Discussion in 'OS X Yosemite (10.10)' started by immobilus, Jun 18, 2015.

  1. immobilus macrumors member

    May 5, 2012

    Last night I was cleaning my computer and creating a hard drive image. When I woke up, all was fine. But I noticed the hard drive image was gone without any errors. I went to create another one, with diskutil and it said "permission denied." I did forum searches, and they said to repair permissions. That seems to fix the problem, except in my case I can't do that. It gives me an error saying that the hard drive cannot be verified or repaired.

    I did a Get Info on the drive, and it says I can "read only." I tried to repair it from the command line, and it says:

    Error: -69789: Permissions verify or repair failed
    Underlying error: 26: POSIX reports: Text file busy

    I'm able to create folders, modify files, etc., but the hard drive has me as read only.
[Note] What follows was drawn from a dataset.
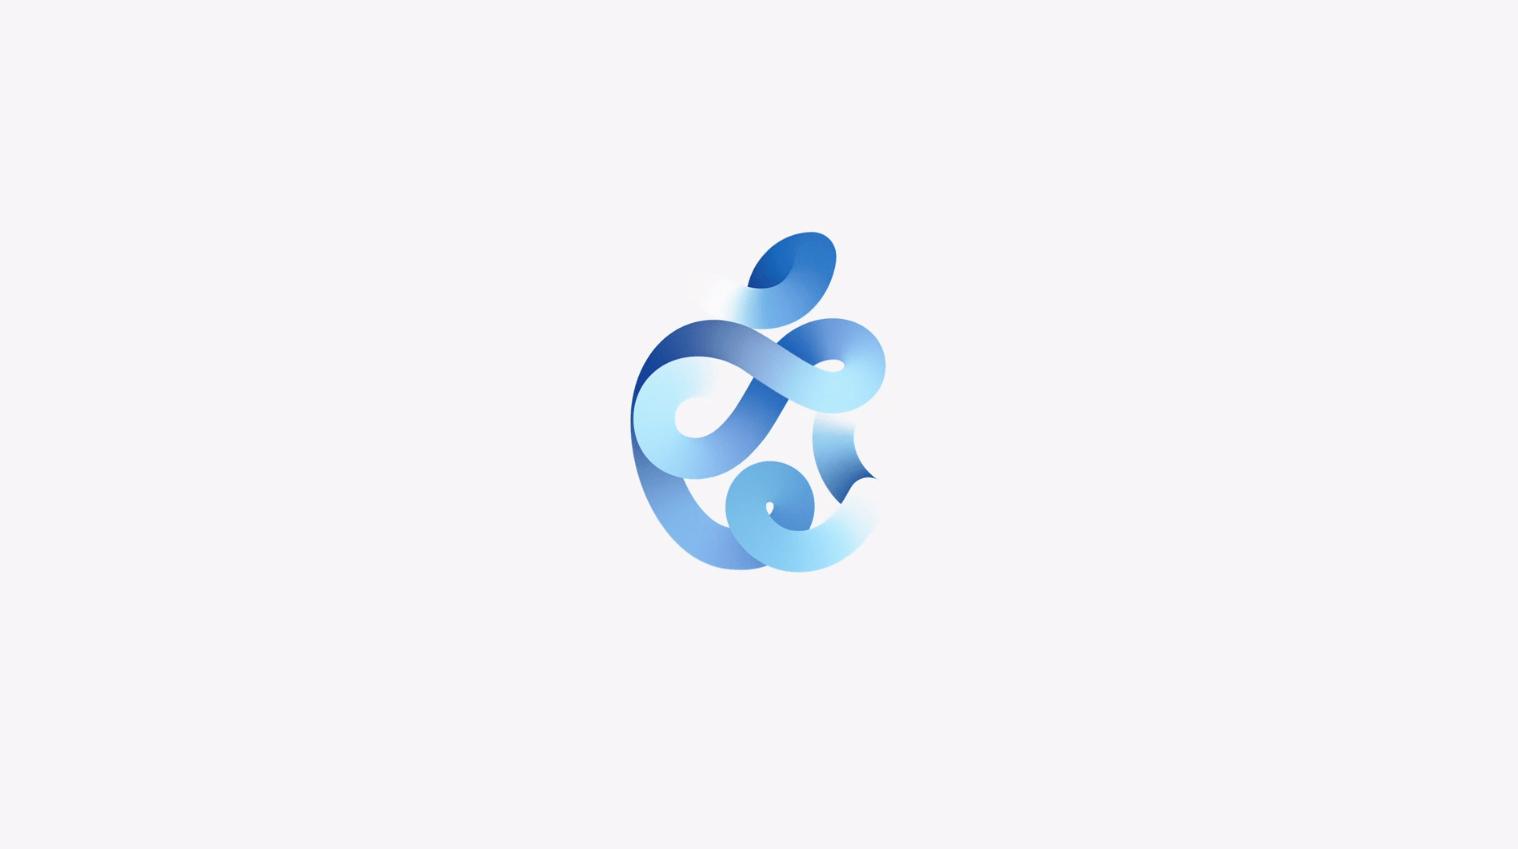 Evento Apple 2020

    I'm afraid to repair from the boot drive because it may deny me access to log back in if it fails.

    What's going on?
  2. immobilus thread starter macrumors member

    May 5, 2012
    Wow... nothing?

    As a side note, I ended up rebooting. I performed a disk repair permissions from the boot drive. It said there were no issues. So I rebooted. Once logged in, I tried to repair permissions again. It worked, and there were a lot of errors not detected during the boot drive repair attempt. Permissions to create a disk image were restored...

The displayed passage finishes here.